Sudah terlalu lama Altaria berteman dengan beban dan kesendirian ini. Ia berdiri sendiri dan bertahan sendirian. Di akhir hari, Altaria terkadang bingung harus mengadu pada siapa. Memang apa yang dirasakan dan dialaminya adalah hasil dari perbuatannya sendiri. Harusnya ia tidak mengeluh karena ini pilihannya tapi Altaria hanya merasa jengah.
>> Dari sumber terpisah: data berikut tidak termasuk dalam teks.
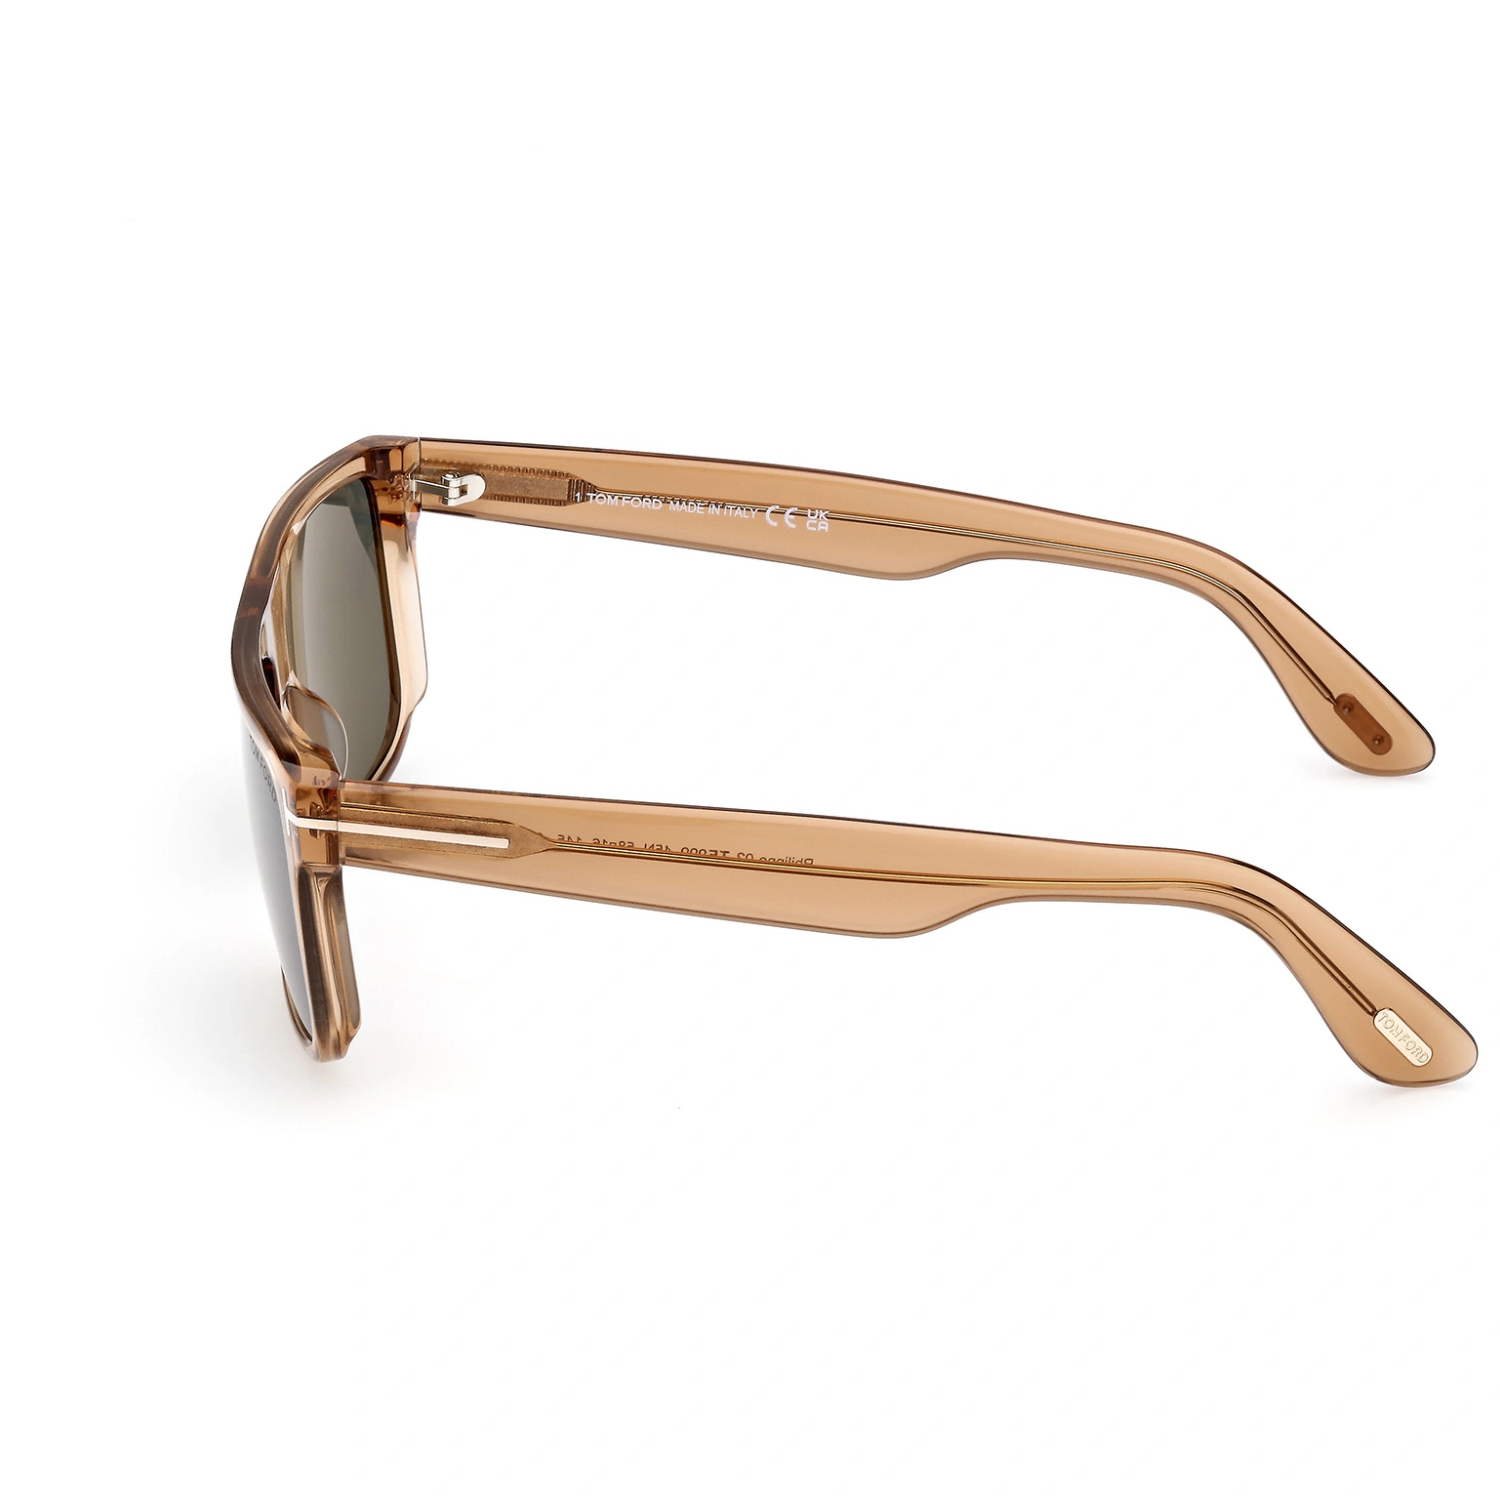 Tom Ford Sunglasses Tom Ford Sunglasses FT0999 45N 58mm Philippe Eyeglasses Eyewear UK USA Australia 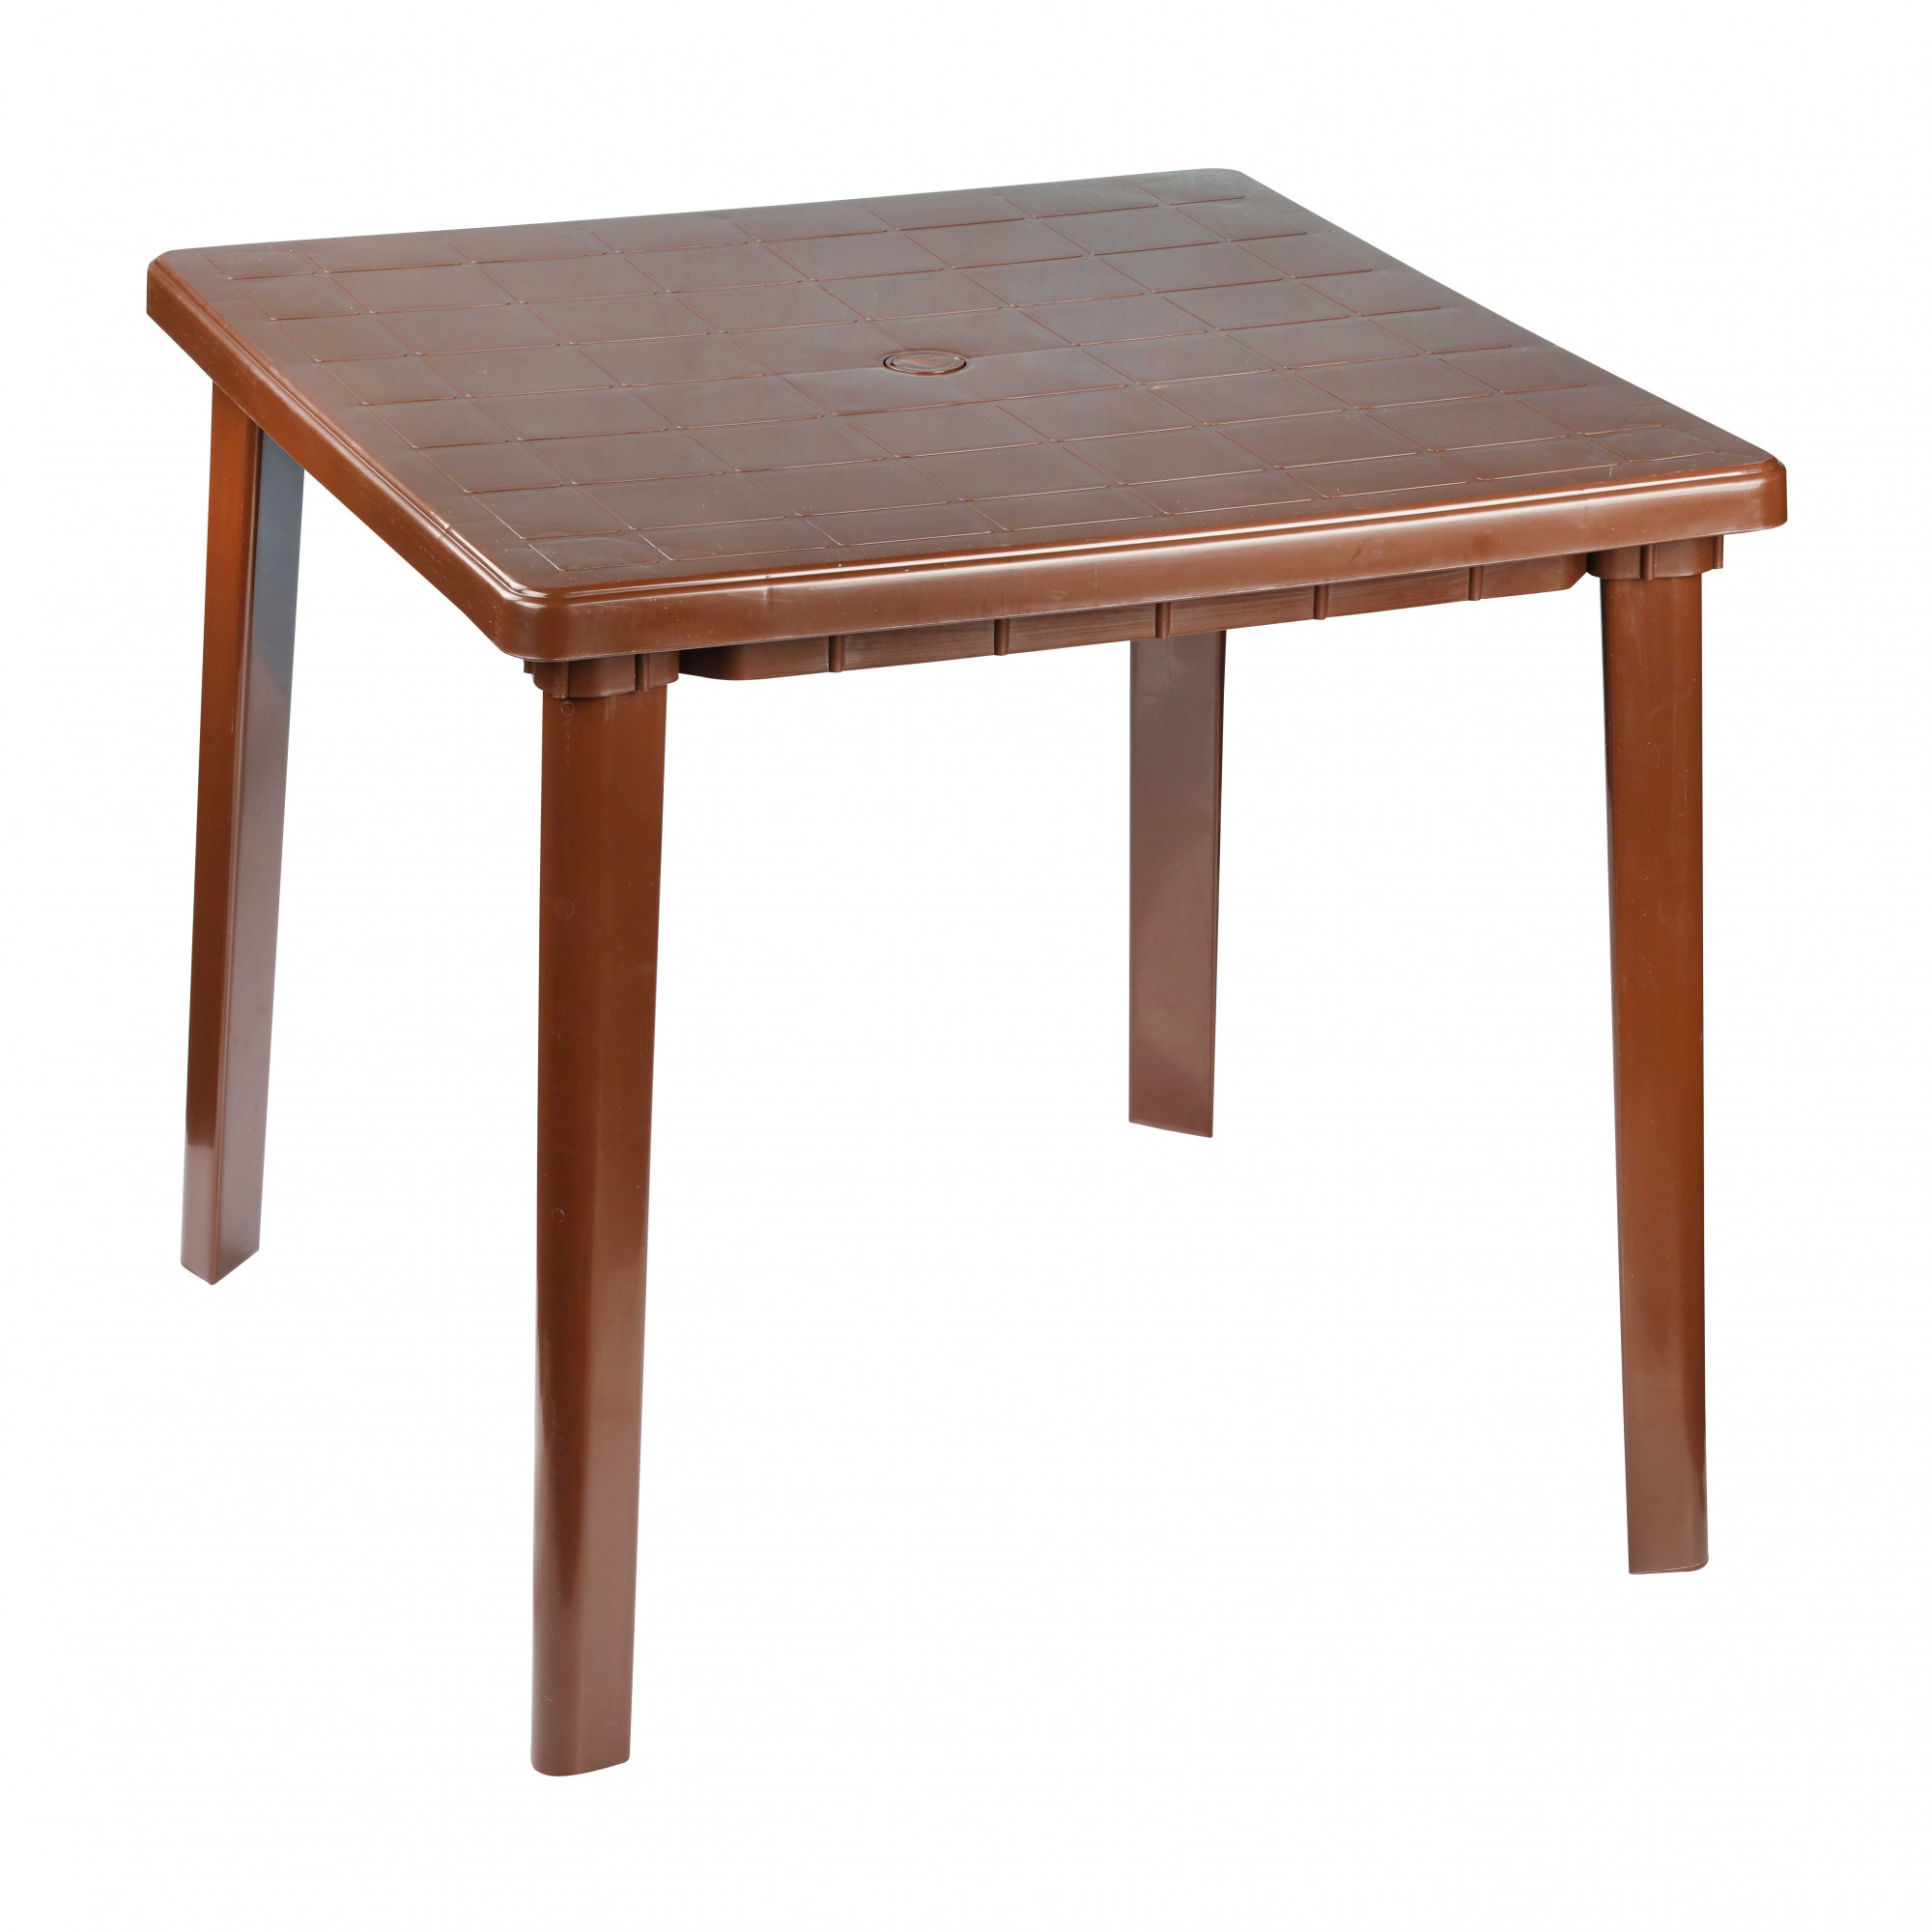 Садовый стол Альтернатива М8153 коричневый (800х800х740мм)

Disetiap harinya yang dipikirkan adalah bagaimana bertahan hidup di antara para pemangsa. Tidak mengandalkan perasaannya dan dipaksa harus berjalan berdasarkan kewarasan dan rasionalitasnya.
Altaria mendesah berat.
Ia memandangi plafon kamar dengan pandangan kosong.
Dan di antara pandangannya itu, Altaria bersembunyi di bagian sudut ruangan. Sosok lain menggantikannya, sosok yang hanya akan muncul ketika sangat tertekan, Jolika.
Jolika menatap sekelilingnya lalu mengambil posisi duduk. Kemudian kedua kakinya dinaikkan ke atas kasur dan memeluk lututnya dengan erat. Tubuhnya bergetar pelan. Sambil menyembunyikan wajahnya di antara kakinya, Jolika menggeleng-gelengkan kepalanya kuat.
Di sore hari itu, Jolika tenggelam dalam ketidakberdayaan dan kepasrahannya.Bersambung..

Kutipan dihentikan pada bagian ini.